The government should take steps to improve monitoring systems that track imports and exports, currency movement, and public and private stocks. It should adopt effective monetary and fiscal policies to control inflation. It should introduce effective income support programs to lessen the impact of rising food inflation. The Pakistani government should incentivize the producers, especially the farmer community, and promote progressive taxation for them rather than consumption-based taxation.

The cost of production of food items should be controlled by ensuring the timely and proper availability of fertilizers, seeds, and pesticides at affordable rates. Private sectors should be encouraged to invest in fertilizers. The open market must take the place of the black market and farmers must be provided with quality seeds and equipment.

Food price volatility poses risks for everyone. National and international trade policies should be introduced to make markets stable and predictable for producers. Management of food-grain stock purchases and releases should be improved to reduce food price volatility.
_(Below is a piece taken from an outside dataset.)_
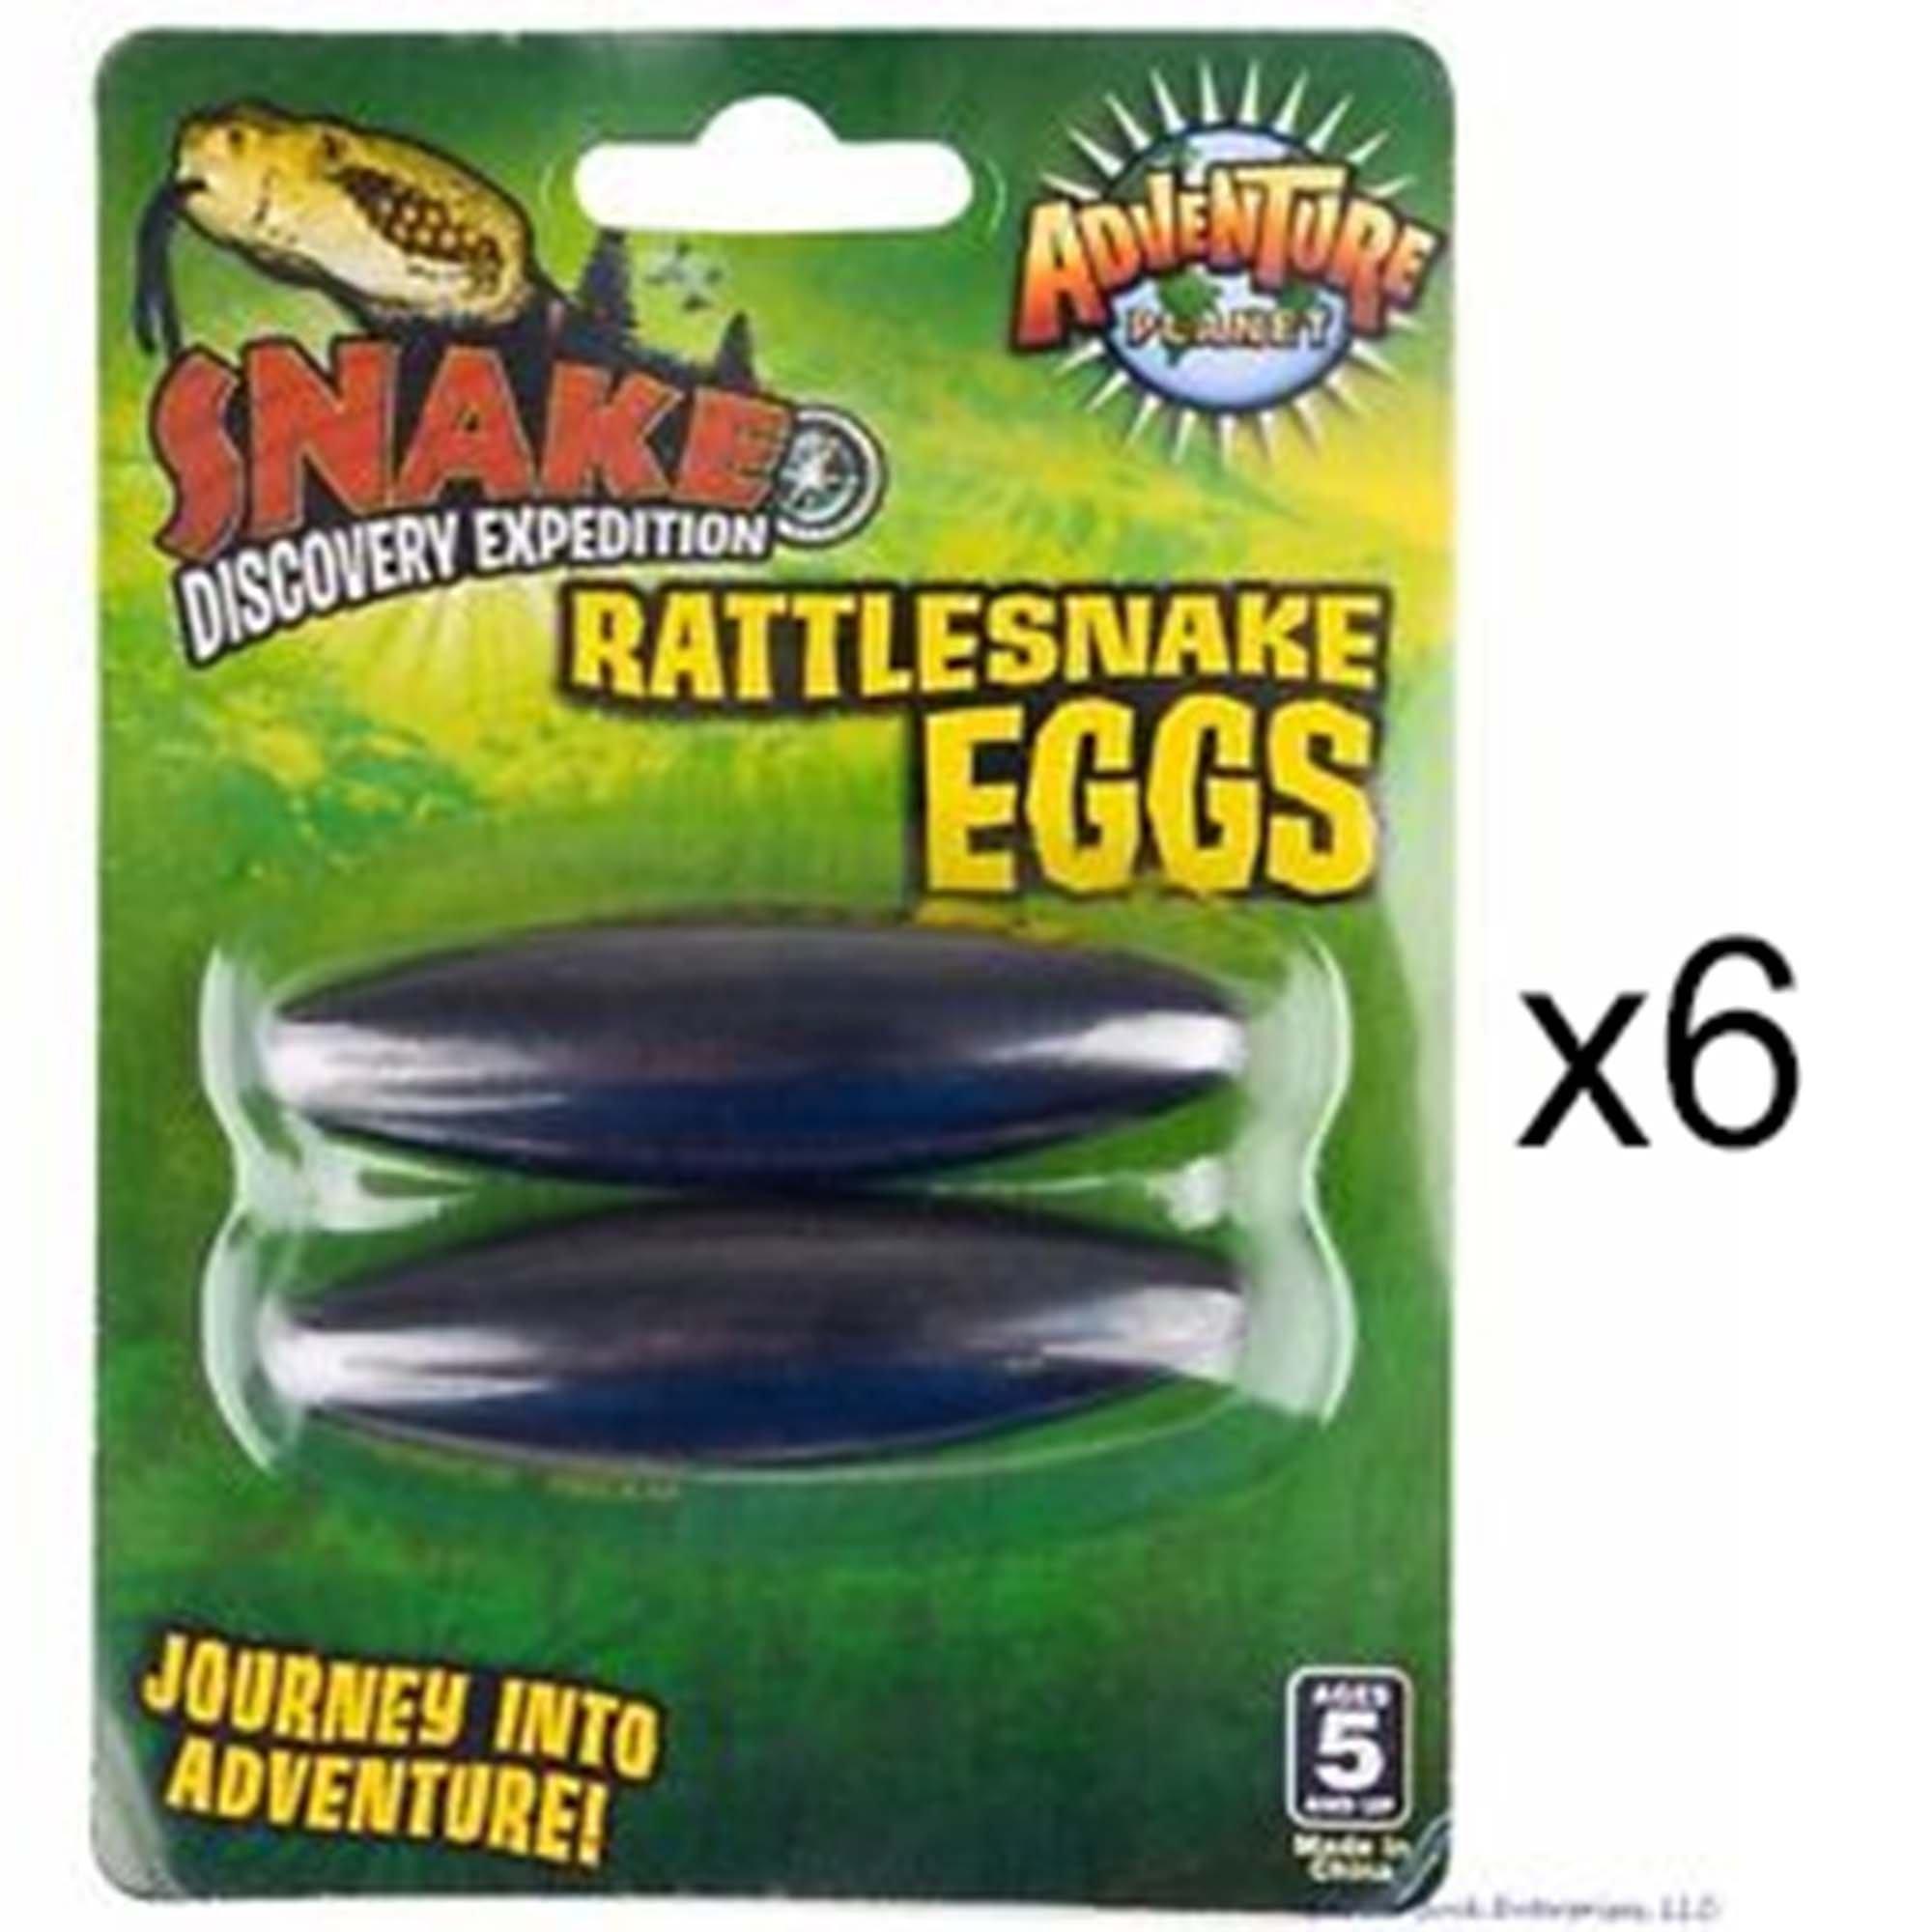 ROCKYMART (6 packs) - Large 2.5'' Rattle Snake Eggs Rattlesnake Singing Magnets

To mitigate the causes and effects of food inflation in Pakistan, there is a need to promote research and development in the agriculture sector and technological advancements should be introduced for the adaptation of climate-smart agriculture. Infrastructure development, such as the construction of roads from villages to cities, should take place to reduce the transportation charges for food commodities. Moreover, the government should provide warehouses to farmers for proper storage and preservation of food. Such improvements would increase the productivity growth that is essential for sustainable growth in agricultural production.